II

All the boarders were at table when Biagio Speranza entered the dining-room, announcing gaily:

“Safe! Sound! I come from the hospital. In about three weeks we shall once more have at our table the magnificent poet. Gentlemen, I invite you to cry: Long live Giannantonio Cocco Bertolli!”

No one echoed this cry. Signor Martinelli bent his long nose over his plate. Trunfo cast a side glance, and went on eating. Signora Pentoni wept.

Cedebonis was the only one who rejoiced at sight of Biagio Speranza, who made him laugh quite as much as hygiene required, and exclaimed: “Oh, bravo! Now you must tell us all about it.”

But Biagio Speranza did not assent. He looked at the mistress of the house.

“In Heaven’s name!” implored Signora Pentoni, “leave me in peace this evening!”

Biagio Speranza glanced round at his friends, and with a gesture asked what had happened.

“Martinelli,” explained Cariolin, “has been to the hospital before you to get news, and Carolinona has learned—”

“And regrets it?” cried Biagio Speranza, feigning surprise. “Ah, excuse me, Carolinona; what ingratitude! I have seen your poet, and by a miracle restrained myself from kissing his brow. What a hero of love! He spoke to me only of you. He asked me—”
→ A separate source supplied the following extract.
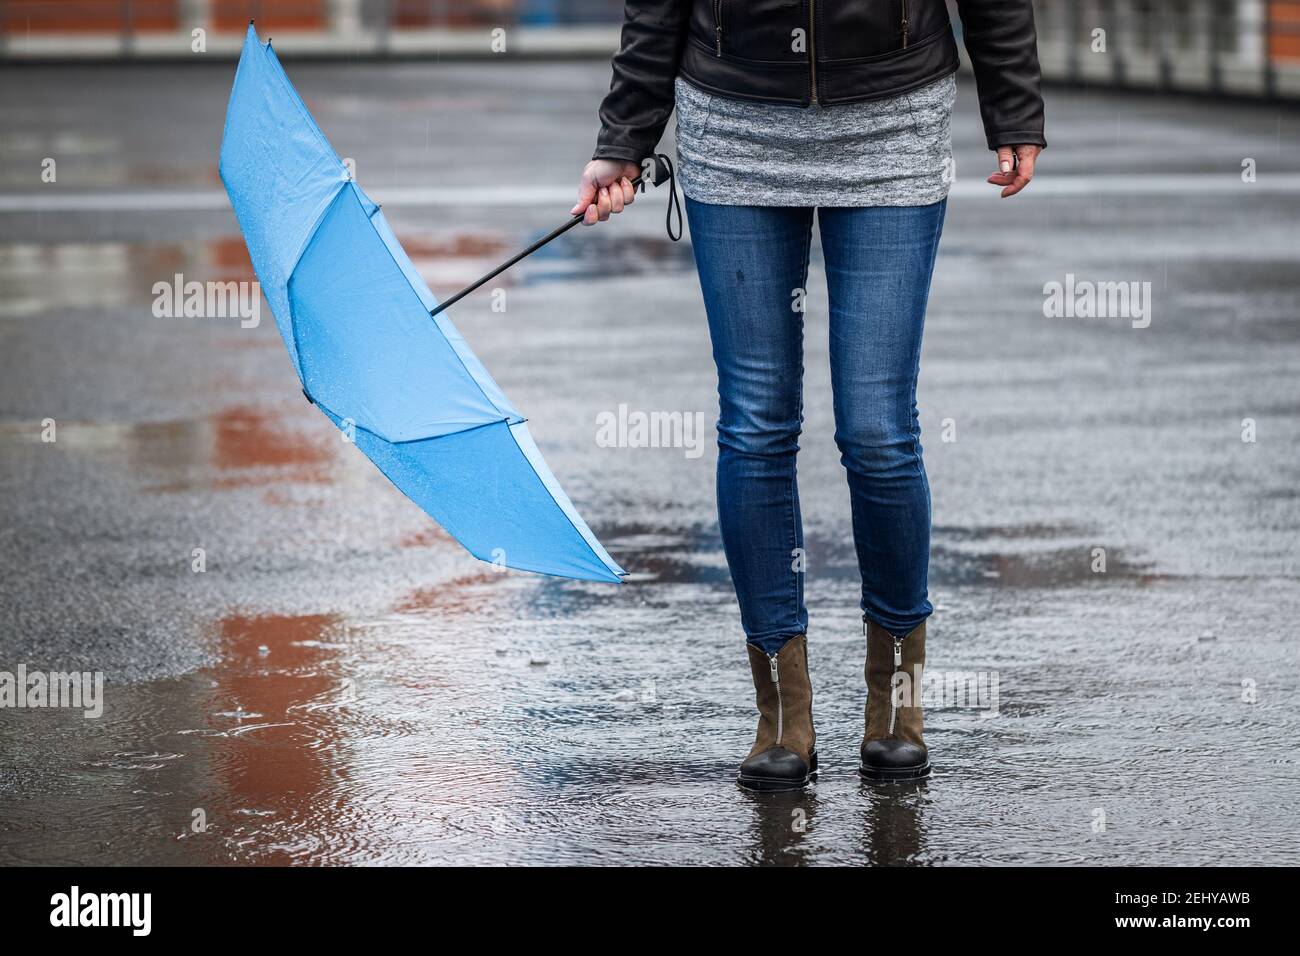 Woman with umbrella walking in rain at city street. Female legs wearing  jeans and waterproof leather boot Stock Photo - Alamy
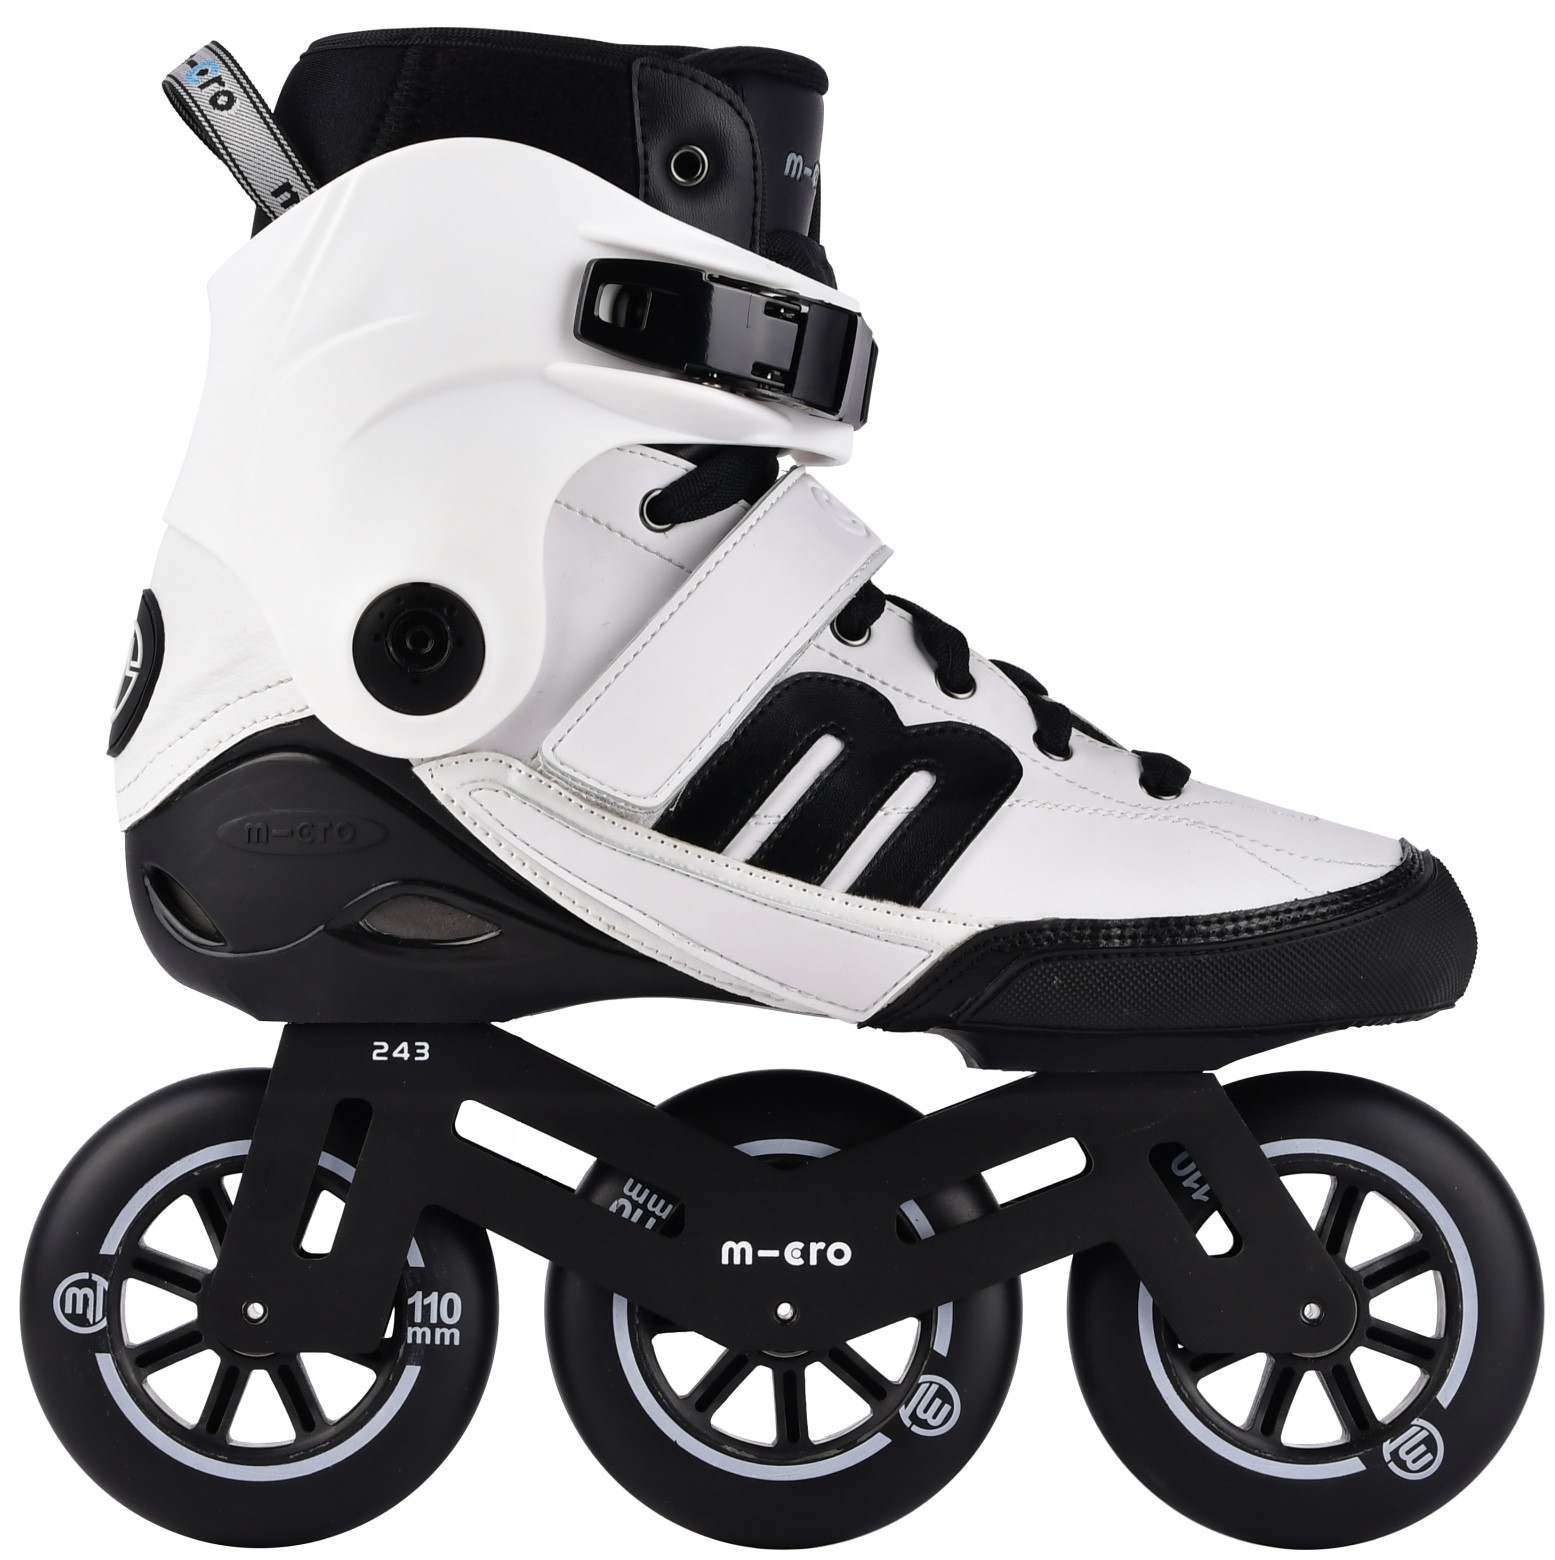 Micro white BEAT inline skate for urban use in side view

Signora Pentoni rose to her feet, convulsed; she pressed her handkerchief to her eyes, tried to say “Excuse me,” but a burst of sobs smothered the words in her throat, and she rushed toward the door of her room.

Cariolin, Scossi, ran forward and stopped her; all except Cedebonis and Trunfo rose to their feet and surrounded the weeping woman.

“Rubbish! Absurd!” sneered Trunfo from the table.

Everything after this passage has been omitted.